I have just begun reading a book that is very much in tune with this website: Joseph L. Badaracco’s Questions of Character: Illuminating the Heart of Leadership through Literature, published by Harvard Business School Press (2006). I report here on the introduction.
The author talks about assigning Joseph Conrad’s “Secret Sharer” to a group of businessmen in a leadership workshop. The story, which I first encountered in a “Jungian Approaches to Literature” course, is about a ship’s captain who allows a mysterious stranger on board his ship. The captain hides him there and then, a few days later, sails close to shore to the man can swim ashore.
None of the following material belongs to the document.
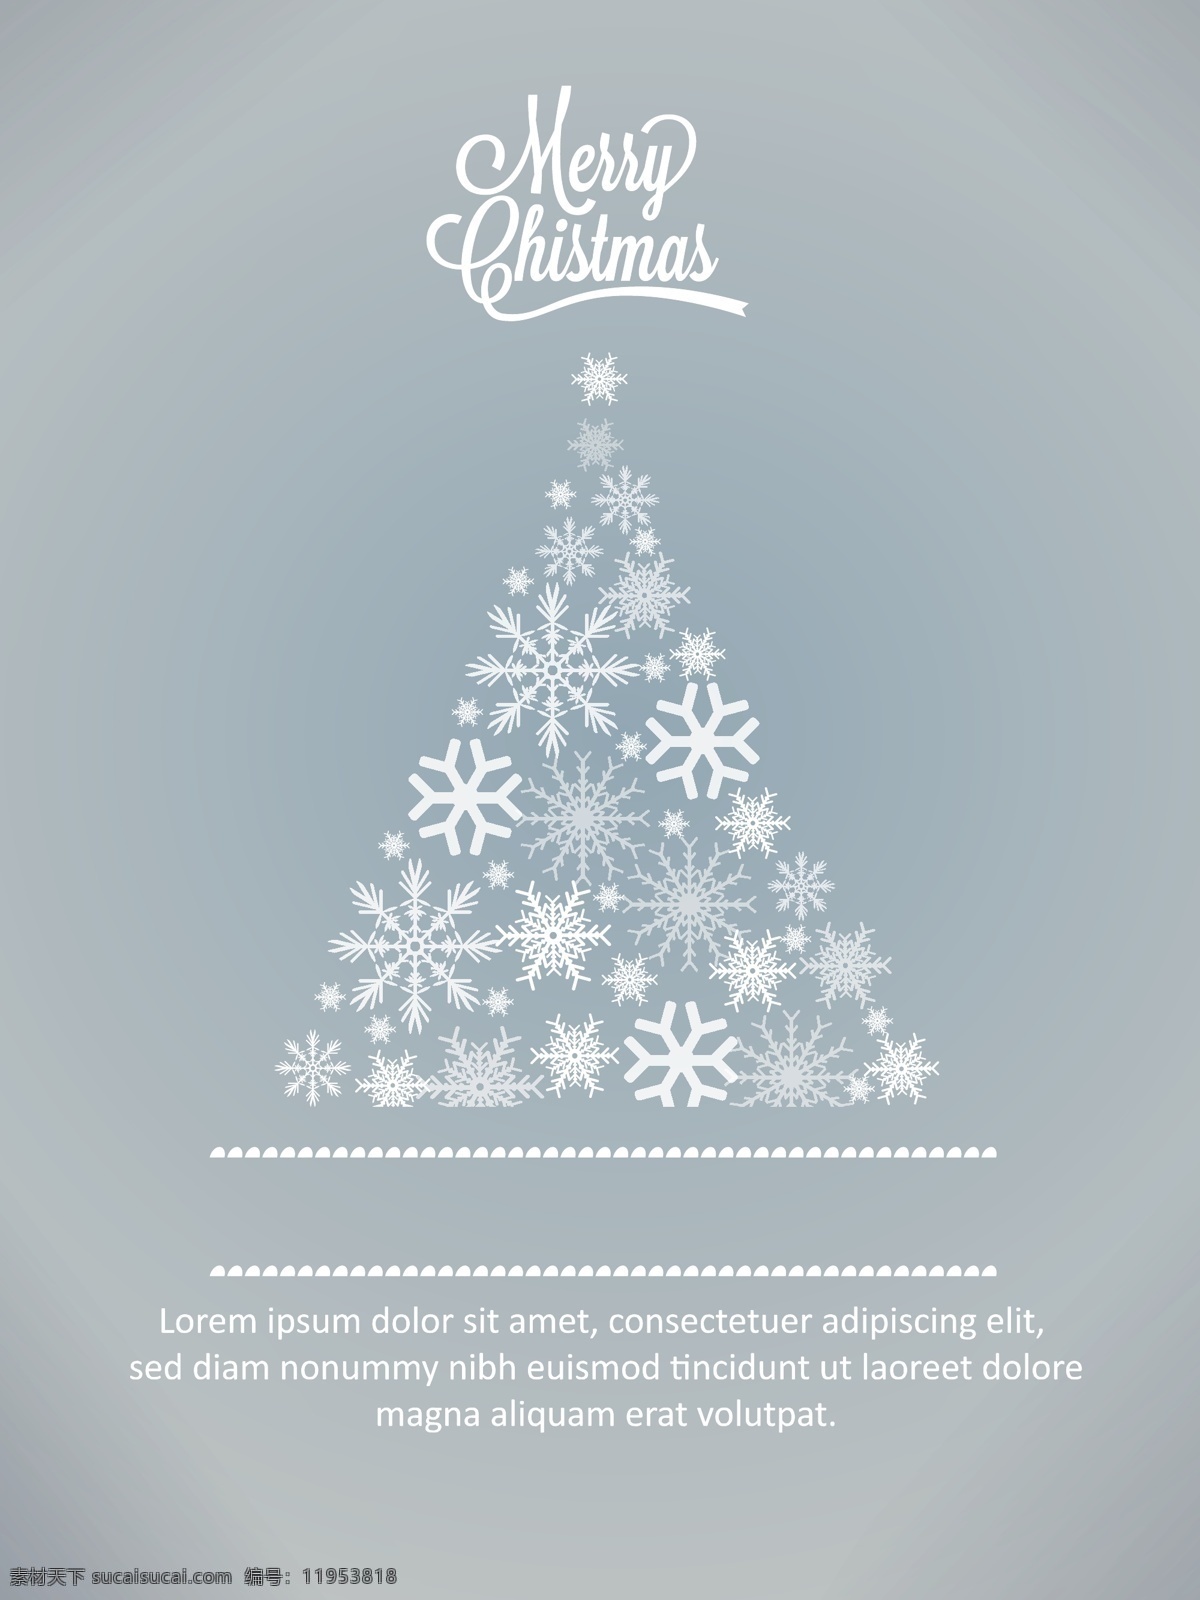 圣诞雪花背景 圣诞快乐 圣诞 节日素材 新年 新年快乐 海报 广告 插画 圣诞节 矢量素材 圣诞树

At first, Badaracco says, the captain gets criticized by members of the workshop for being so irresponsibile. Then, however, a “highly respected CEO” in the group looks around and says, “I’ll bet most of you have done similar things, and you wouldn’t be here today if you hadn’t.” At that point things take off. Badaracco reports:
I spent the rest of the session listening to a discussion, rather than leading it. The conversation covered many important questions. Was the new captain ready to take on his responsibilities? What did his actions reveals about his character? How do leaders learn from their mistakes? The group was deeply engaged, arguing about the captain and talking about their own experiences In fact, about a year later, a colleague of mine ran into someone who had attended the discussion, and she wanted to continue talking about the captain.”
Badaracco asserts that literature is critical in leadersip training, in part because, in real life, “most people see the leaders of their organizations only occasionally and get only fleeting glimpses of what these leaders are thiking and feeling.” Serious literature, on the other hand, “offers a view from the inside.” The author goes on to say that literature
“opens doors to a world rarely seen—except, on occasion, by leaders’ spouses and closest friends. It lets us watch leaders as they think, worry, hope, hesitate, commit, exult, regret, and reflect. We see their characters tested, reshaped, strengthened, or weakened. These books draw us into leaders’ worlds, put us in their shoes, and at times let us share their experiences.”
The chapters in the book are as follows:
–Do I Have a Good Dream? – Arthur Miller’s Death of a Salesman
–How Flexible Is My Moral Code? – Chinua Achebe’s Things Fall Apart
–Are My Role Models Unsettling? – Allen Gurganus’s “Blessed Assurance”
–Do I Really Care? – F. Scott Fitzgerald’s The Love of the Last Tycoon
–Am I Ready to Take Responsibility? – Conrad’s “Secret Sharer”
–Can I Resist the Flow of Success? – Louis Auchincloss’s I Come as a Thief
–How Well Do I combine Principles and Pragmatism? – Robert Bolt’s Man for All Seasons
–What Is Sound Reflection? – Sophocles’ Antigone
–Judging Character
The author acknowledges that literature is not enough and that one also needs the perspectives that comes from “historians, journlalists, scholars, leaders’ personal accounts of their experiences, and our own observations.” And of course, one also needs hands-on experience. But personal experience, he notes, is “narrow and skewed—in a world with six billion people and thousands of years of recorded history, each of us is only a tiny, fleeting dot of consciousness.” Literature’s advantage is that it is often focused on character—certainly fiction is—and Badaracco sees questions of character as crucial to successful leadership. Leaders must know who they really are and even the best ones can lose their way. Literature can help on both counts
As I dip into the book, I’ll periodically report on different chapters. For now, I’m just pleased to find another books that confirms that literature provides us with vital life skills.